Data —
■ ■ ■ ■ ■
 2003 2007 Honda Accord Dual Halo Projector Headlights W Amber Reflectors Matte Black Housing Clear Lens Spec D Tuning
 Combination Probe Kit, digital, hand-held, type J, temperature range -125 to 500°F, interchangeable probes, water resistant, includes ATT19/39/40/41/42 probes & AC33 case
■ ■ ■ ■ ■
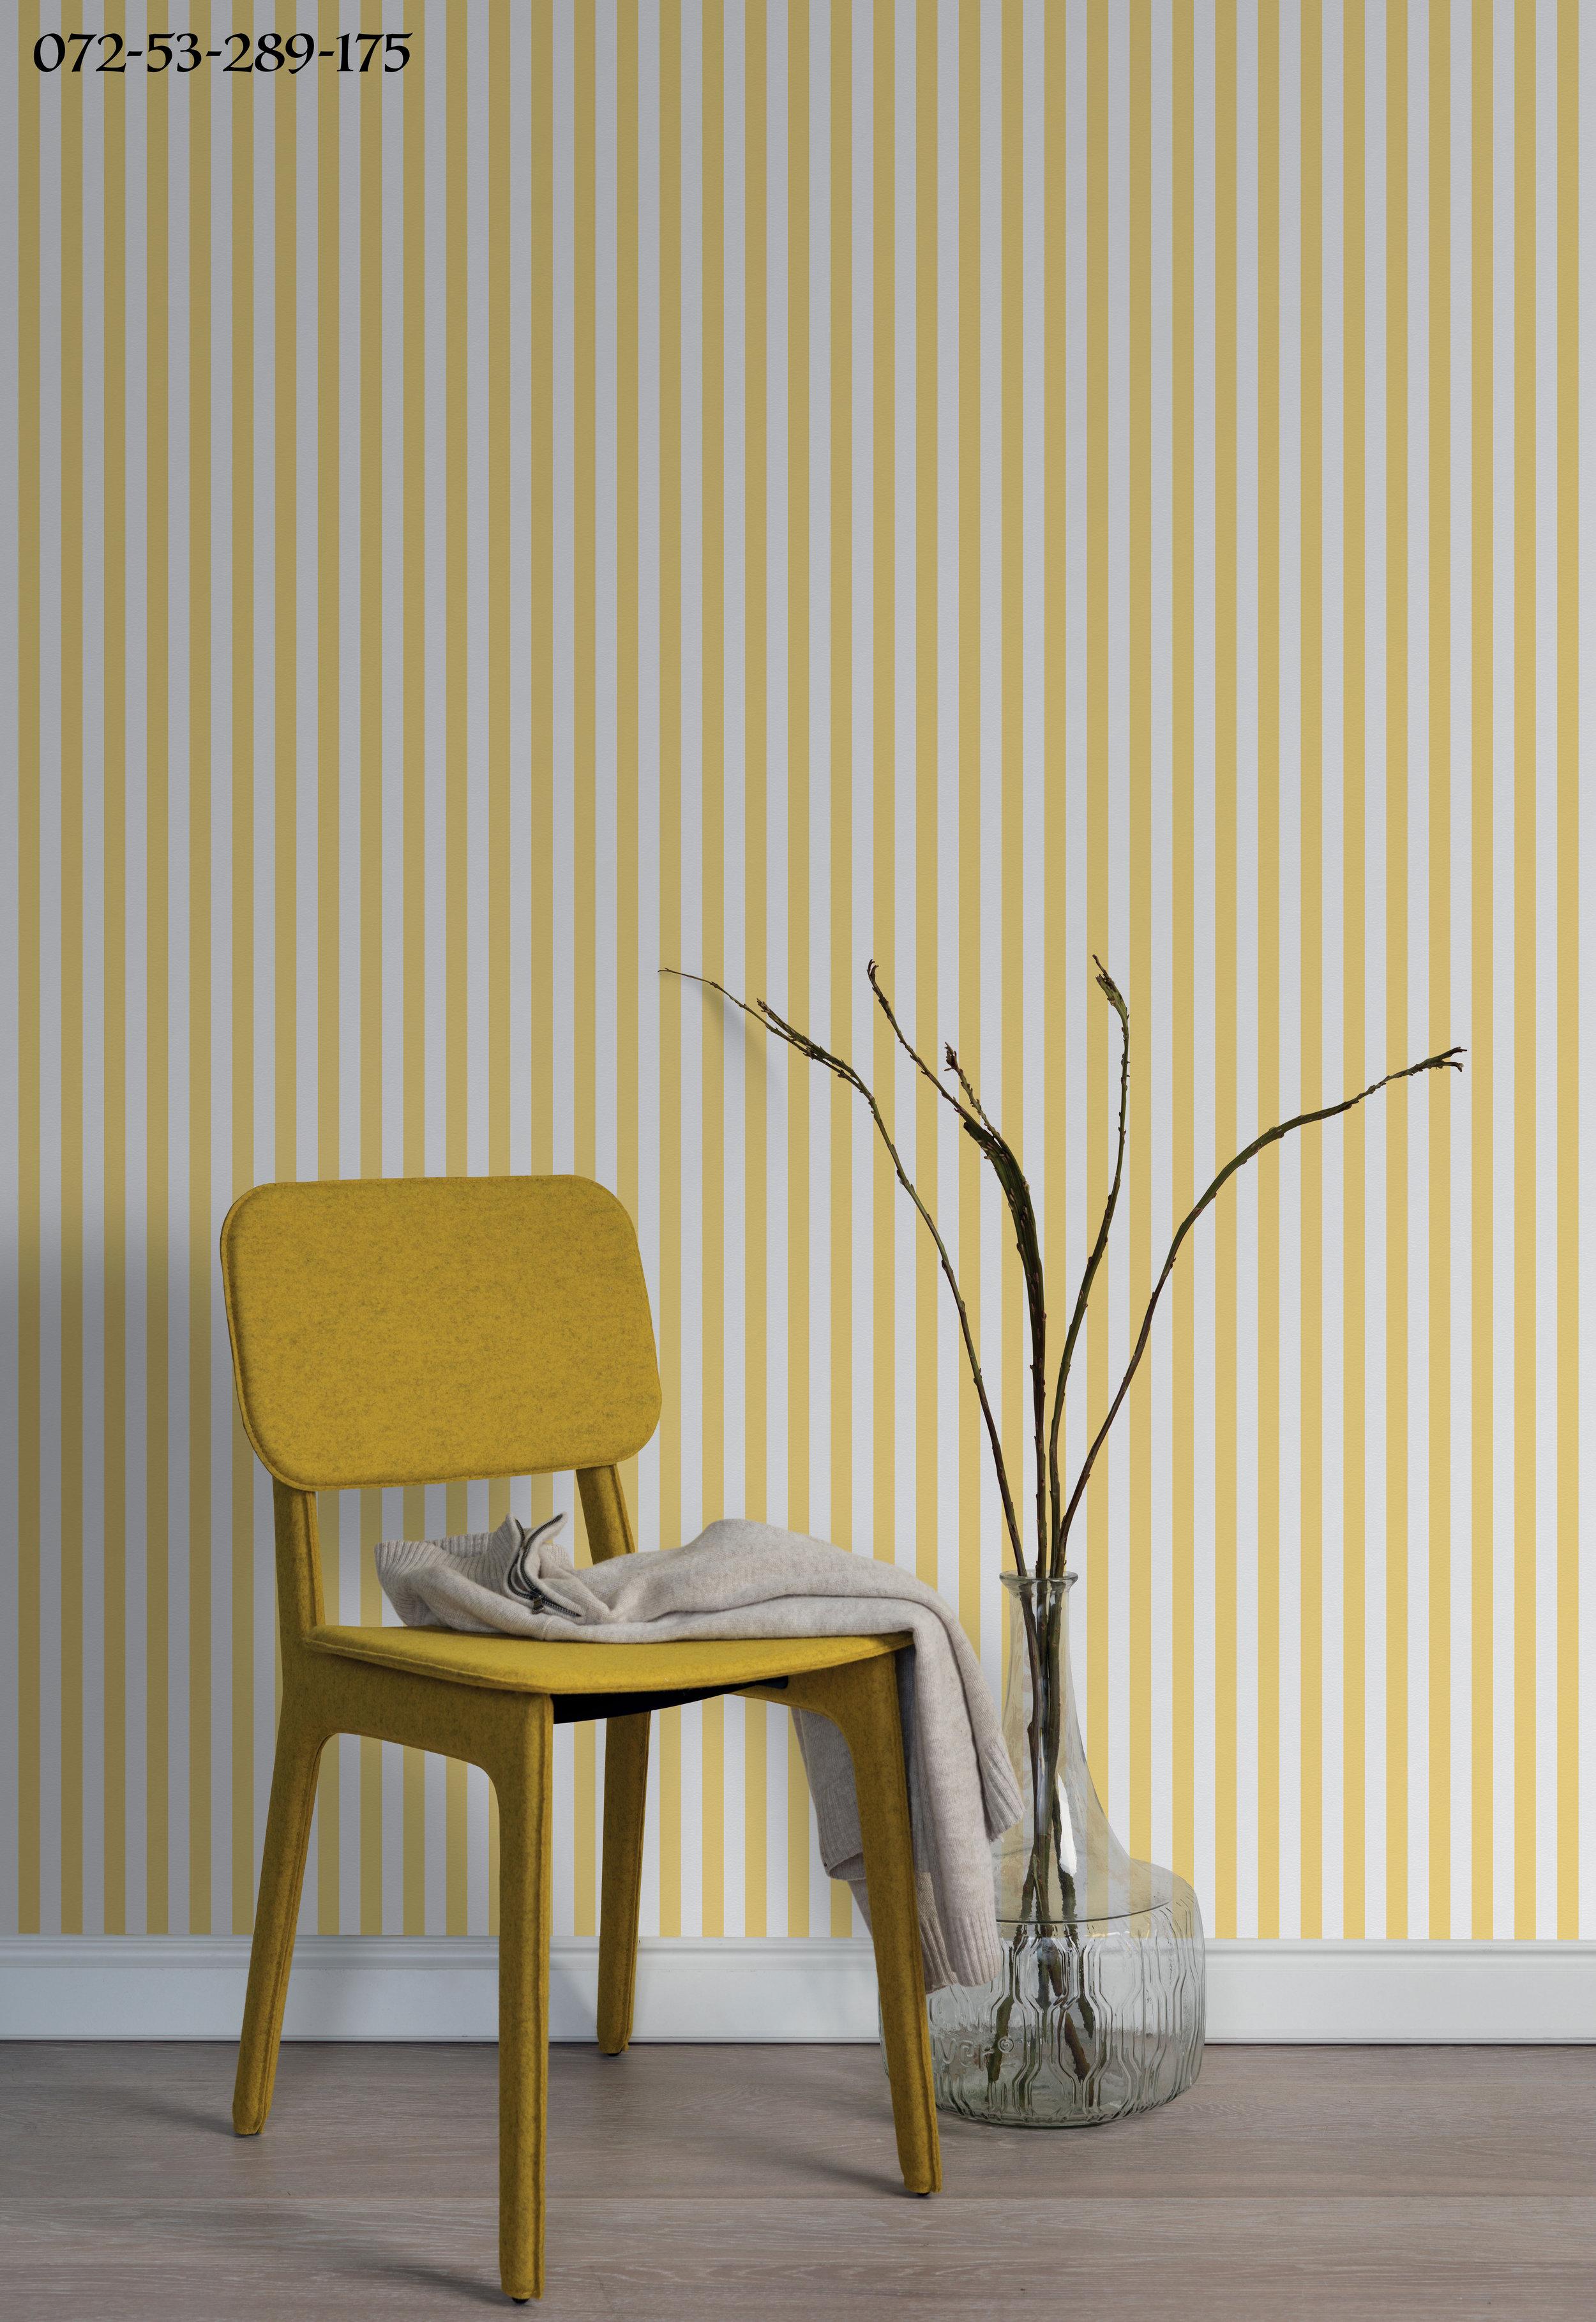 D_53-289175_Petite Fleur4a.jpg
■ ■ ■ ■ ■
What the exercise asks — Output only an exact transcription of the lines above from the one with "2003 2007 Honda" up to and including the one with "Combination Probe Kit, digital, hand-held, type".

Exercise response —
 2003 2007 Honda Accord Dual Halo Projector Headlights W Amber Reflectors Matte Black Housing Clear Lens Spec D Tuning
 Combination Probe Kit, digital, hand-held, type J, temperature range -125 to 500°F, interchangeable probes, water resistant, includes ATT19/39/40/41/42 probes & AC33 case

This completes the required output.